Opened 14 months ago

Closed 14 months ago

Last modified 14 months ago

#1751 closed defect (fixed)

SMART Test never ending and cannot be stopped

Reported by: Felix Owned by:
Priority: major Milestone:
Component: smartctl Version: 7.3
Keywords: scsi Cc:

Description

Hi,
I have accumulated some 30 or more HGST HUC101212CSS600 disks over the years which have served in different environments.
Most of them have been replaced by larger SSDs by now.

How ever, as I was somewhat lazy in documenting the disks health before decommissioning them in their prior environment, I have to do this now to see, which of them can be still used as spares, where needed.

The test-server is a HP DL380 Gen8 with a SmartArray in HBA-Mode.
I have had already tested over 20 disks.
The test scenario was always the same:

Insert the disks, enumerate them and check if they are available to the system (dmesg, ssacli) and then start using

smartctl -t long -d cciss,N /dev/sdX

All went well and I was able to identify about 6 disks, which did not pass the long self test.

The last 5 disks give me a headache:

So i did my usual routine and launched on every disk the smartctl -t long -d cciss,N /dev/sdX

When issuing the command to the last of those 5 disks, the server became unresponsible, I was not even able to use SysReq to restart it and really had to hard-shutdown via Power-Off button.

So I rebooted the host, removing all but the boot disk and repeated the whole procedure.
Same result, the last disk killed the server. So, "One down, 4 to go" I thought.

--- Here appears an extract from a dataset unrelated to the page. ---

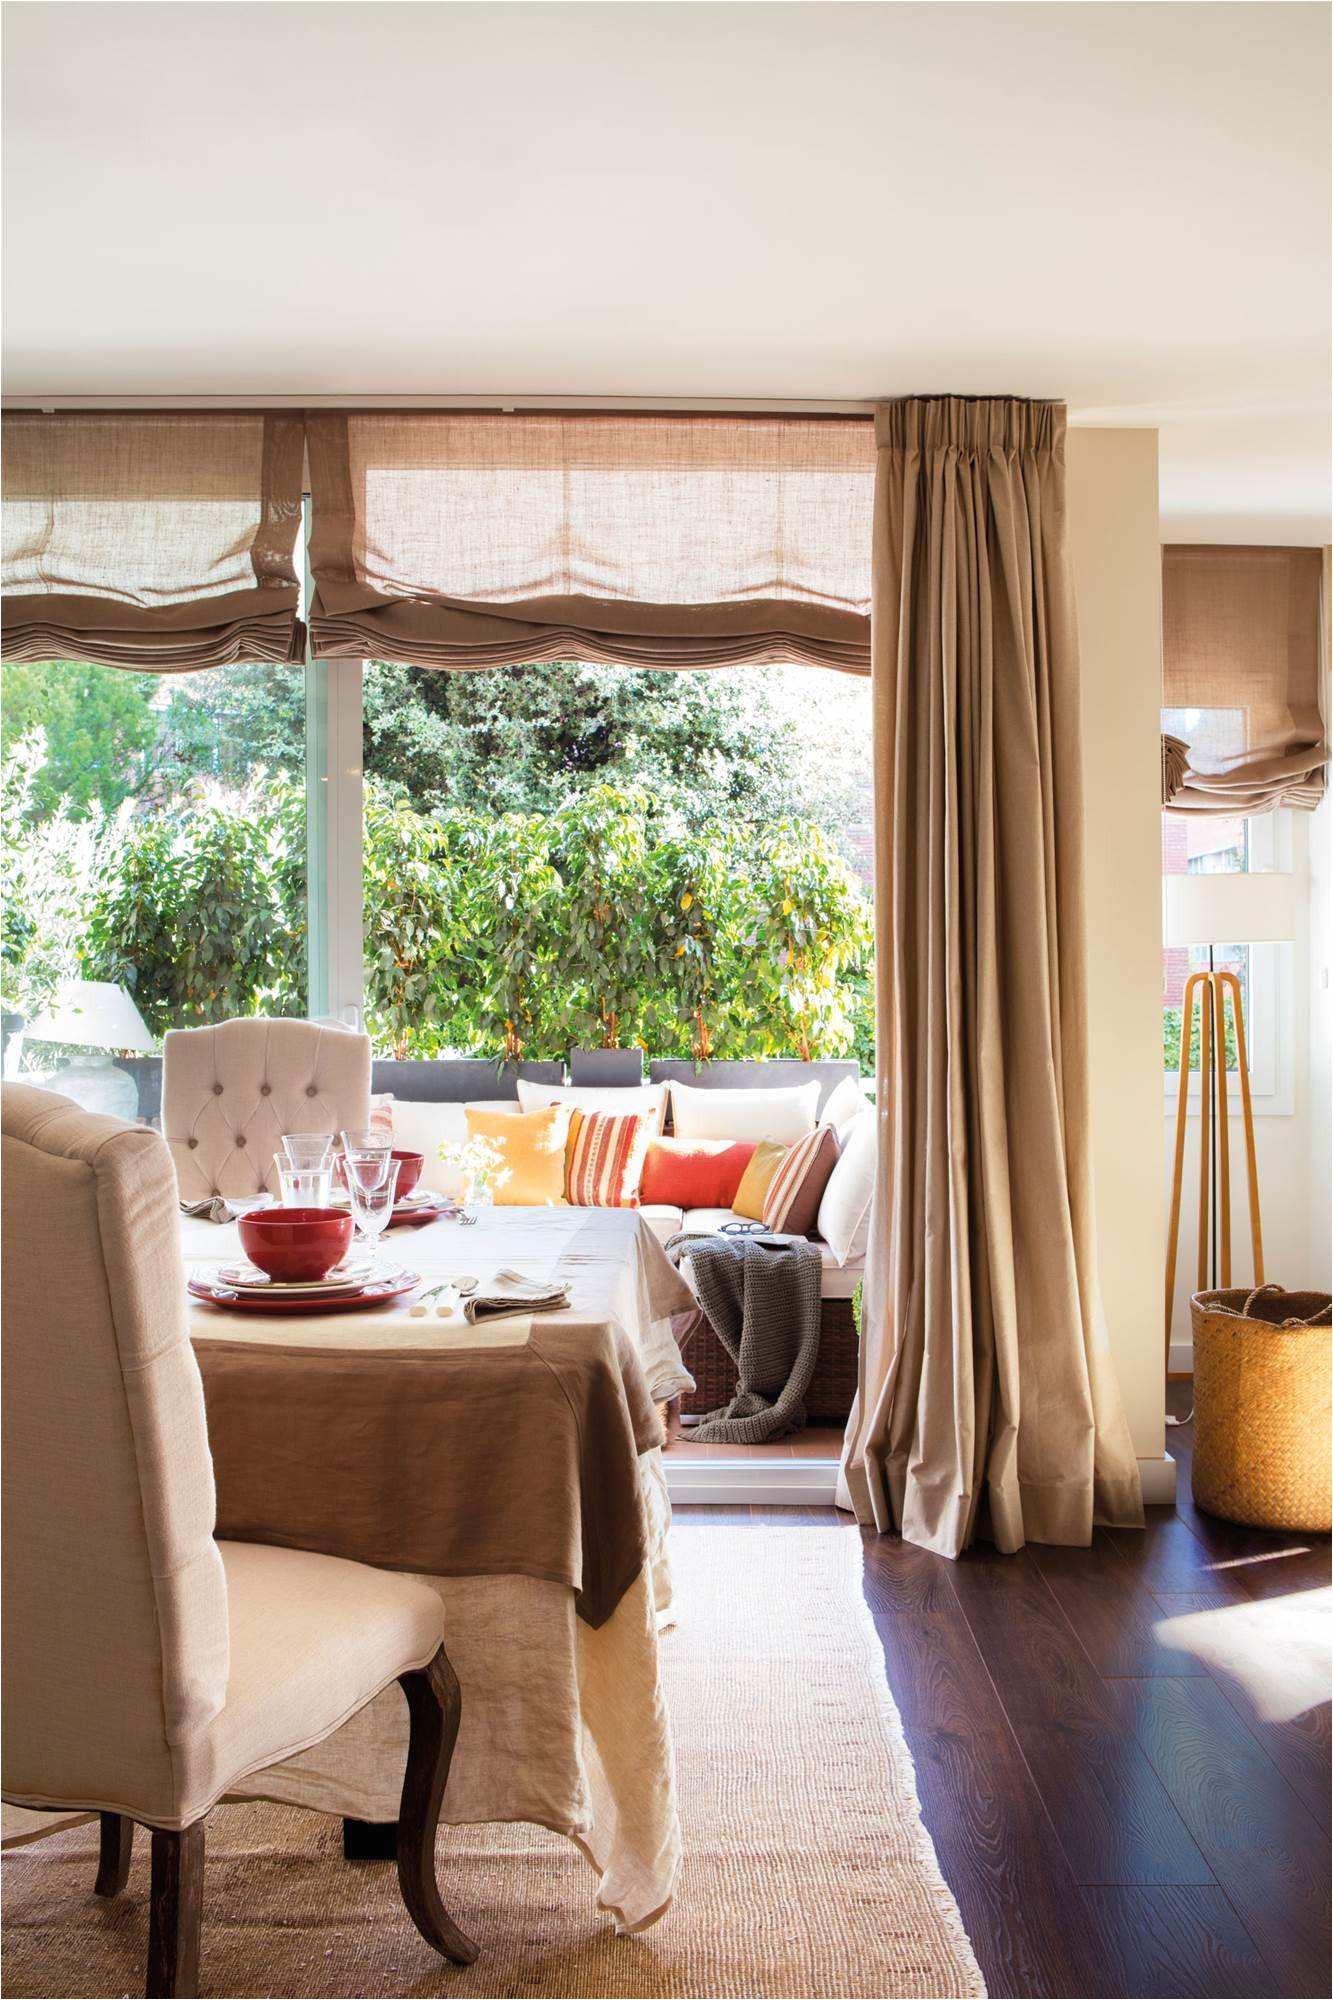 cortinas riel maravilloso elegante barras de cortinas dobles

So I rebooted again, removed the obviously damaged disk completely, the others I re-plugged once the server was up again.
So I checked the smart status:

All of those 4 remaining disks have now one or two long tests pending, which I cannot stop:
for x in 0 1 2 3 4; do smartctl -a -d cciss,$x /dev/sda|grep -e "Product\|Vendor\|Serial\|Self test in progress"; done|less
Vendor: HGST
Product: HUC101212CSS600
Serial number: L0G9PVTG
Vendor (Seagate Cache) information
# 1 Background long Self test in progress ... 7 NOW - [- - -]
Vendor: HGST
Product: HUC101212CSS600
Serial number: L0GXKNLH
Vendor (Seagate Cache) information
# 2 Background long Self test in progress ... 7 NOW - [- - -]
Vendor: HGST
Product: HUC101212CSS600
Serial number: L0G9KZPG
Vendor (Seagate Cache) information
# 2 Background long Self test in progress ... 7 NOW - [- - -]
Vendor: HGST
Product: HUC101212CSS600
Serial number: L0G2E74H
Vendor (Seagate Cache) information
# 1 Background long Self test in progress ... 7 NOW - [- - -]
# 2 Background long Self test in progress ... 7 NOW - [- - -]

Issuing smartctl -X -d cciss,2 /dev/sdd

smartctl 7.3 2022-02-28 r5338 [x86_64-linux-6.2.16-12-pve] (local build)
Copyright (C) 2002-22, Bruce Allen, Christian Franke, www.smartmontools.org

Self Test returned without error

Re-checking with -a still shows those one or two self-tests in progress.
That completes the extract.